I am a Professor in the Computer Science Division of the EECS Department at the University of California, Berkeley. My main research areas are computer architecture, VLSI design, parallel programming and operating system design. I am Director of the new ASPIRE lab tackling the challenge of improving computational efficiency now that transistor scaling is ending. ASPIRE builds upon the earlier success of the Par Lab, whose goal was to make parallel programming accessible to most programmers. I also lead the Architecture Group at the International Computer Science Institute, am an Associate Director at the Berkeley Wireless Research Center, and hold a joint appointment with the Lawrence Berkeley National Laboratory. Previously at MIT, I led the SCALE group, investigating advanced architectures for energy-efficient high-performance computing.

Active Research Projects
(still under construction)

The ASPIRE Lab

ASPIRE is a new 5-year research project that recognizes the shift from transistor-scaling-driven performance improvements to a new post-scaling world where whole-stack co-design is the key to improved efficiency. Building on the success of the soon to be completed Par Lab project, it uses deep hardware and software co-tuning to achieve the highest possible performance and energy efficiency for future mobile and rack computing systems.

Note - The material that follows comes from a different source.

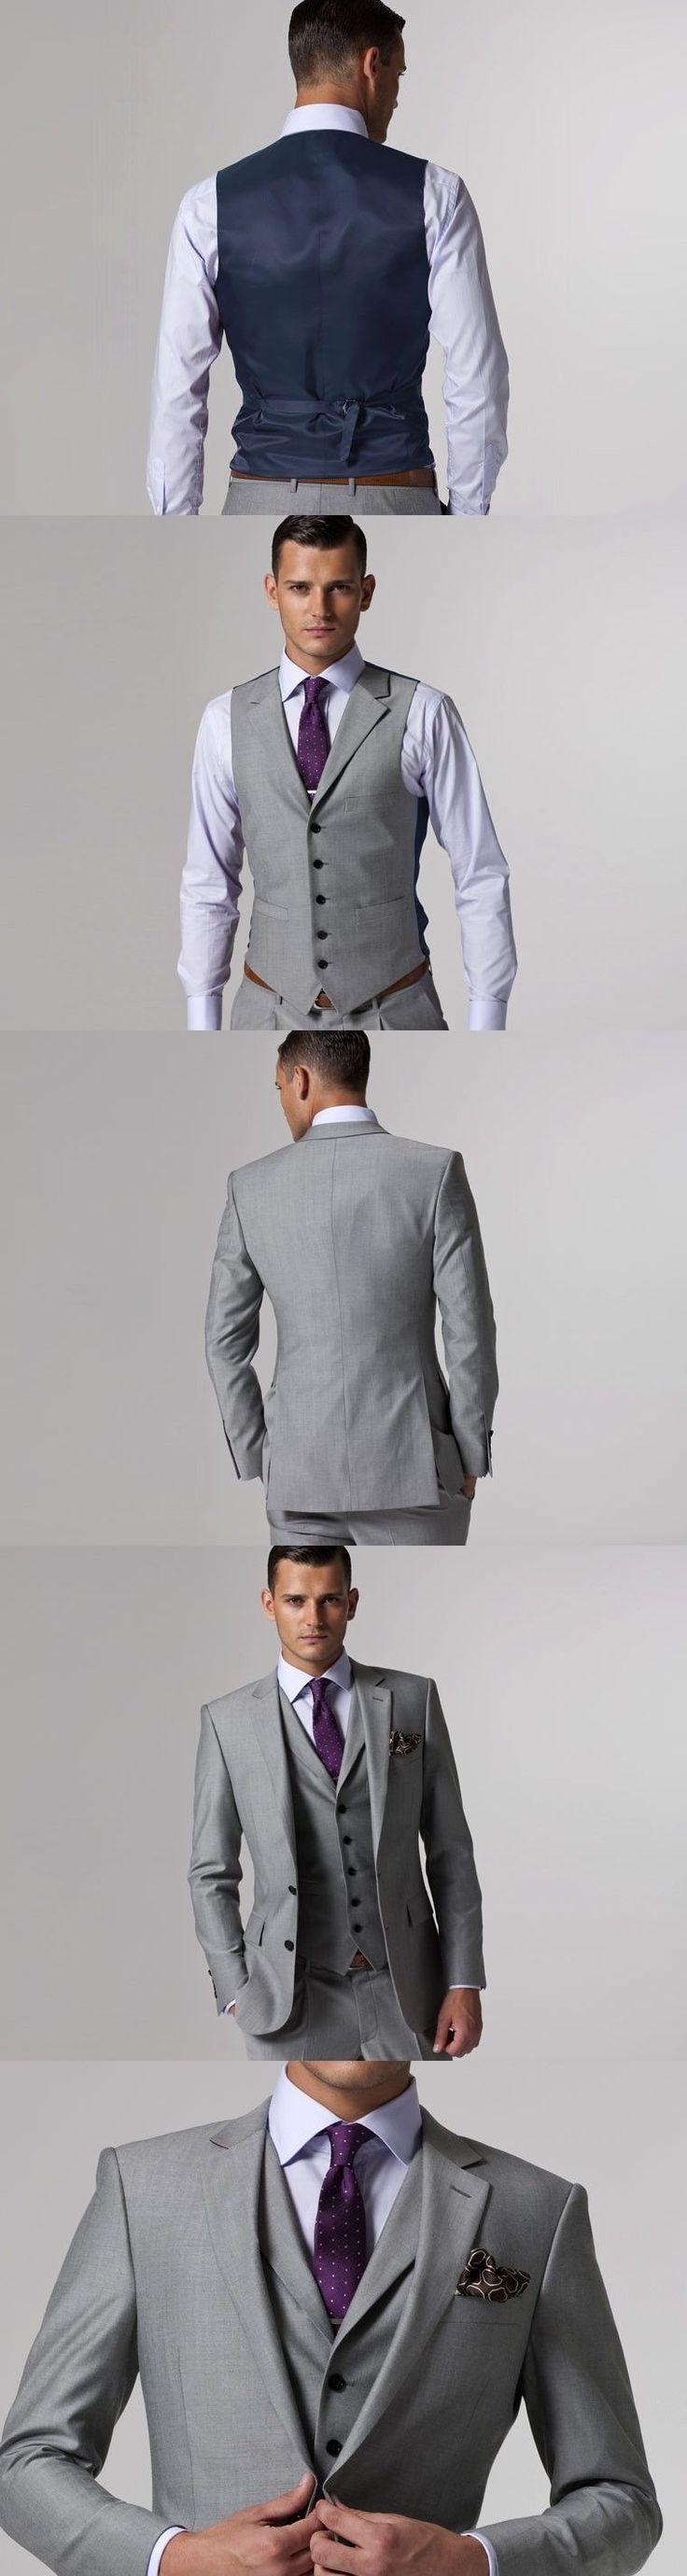 Gray Wedding Tuxedo Custom Made Grey Suits Gray Groom Suit Mens Gray Tuxedo Jacket,2017 Grey Wedding Tuxedos,3 Piece Grey Suit #menssuitsgrey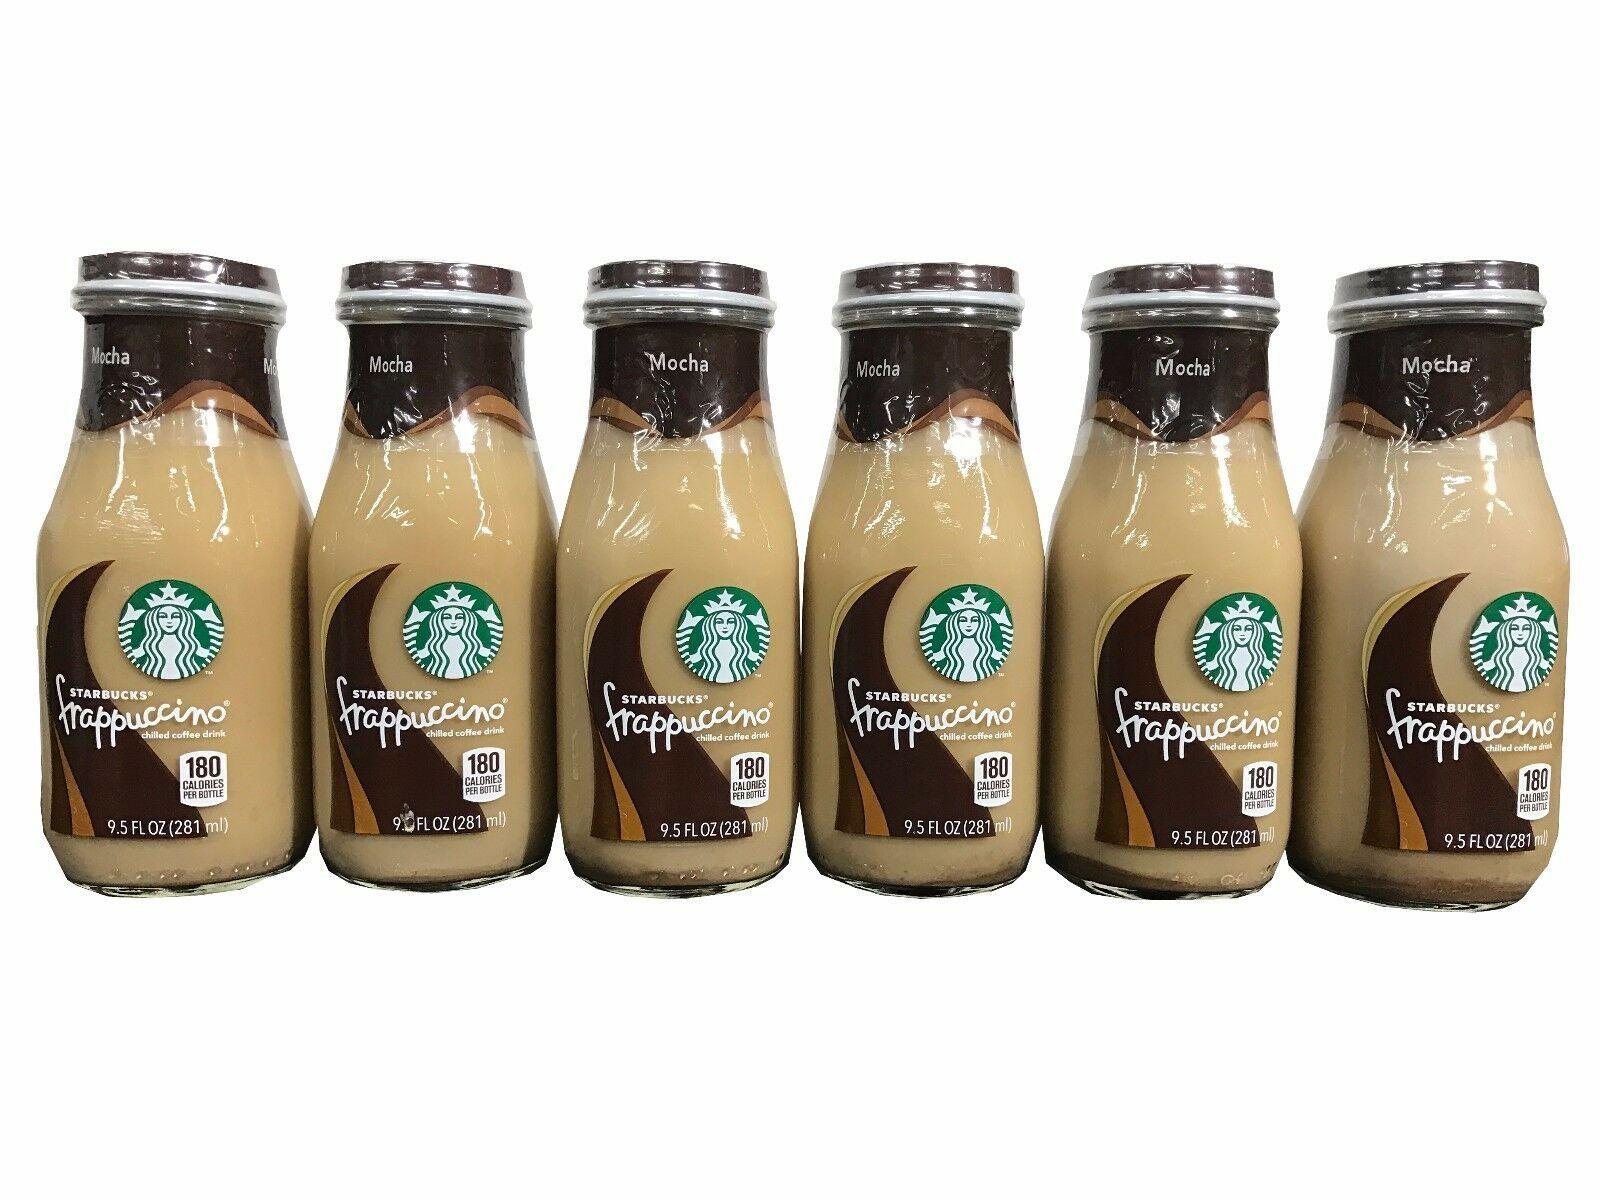 Details about Starbucks Mocha Frappuccino 9.5 fl oz

The Parallel Computing Laboratory (Par Lab)

With the end of sequential processor performance scaling, multicore processors provide the only path to increased performance and energy efficiency in all platforms from mobile to warehouse-scale computers. The Par Lab was created by a team of Berkeley researchers with the ambitious goal of enabling "most programmers to be productive writing efficient, correct, portable SW for 100+ cores & scale as cores increase every 2 years".

Graph Algorithm Platform

Graph algorithms are becoming increasingly important, from warehouse-scale computers reasoning about vast amounts of data for analytics and recommendation applications to mobile clients running recognition and machine-learning applications. Unfortunately, graph algorithms execute inefficiently on current platforms, either shared-memory systems or distributed clusters. The Berkeley Graph Algorithm Platform (GAP) Project is a Par Lab project that spans the entire stack, aiming to accelerate graph algorithms through software optimization and hardware acceleration.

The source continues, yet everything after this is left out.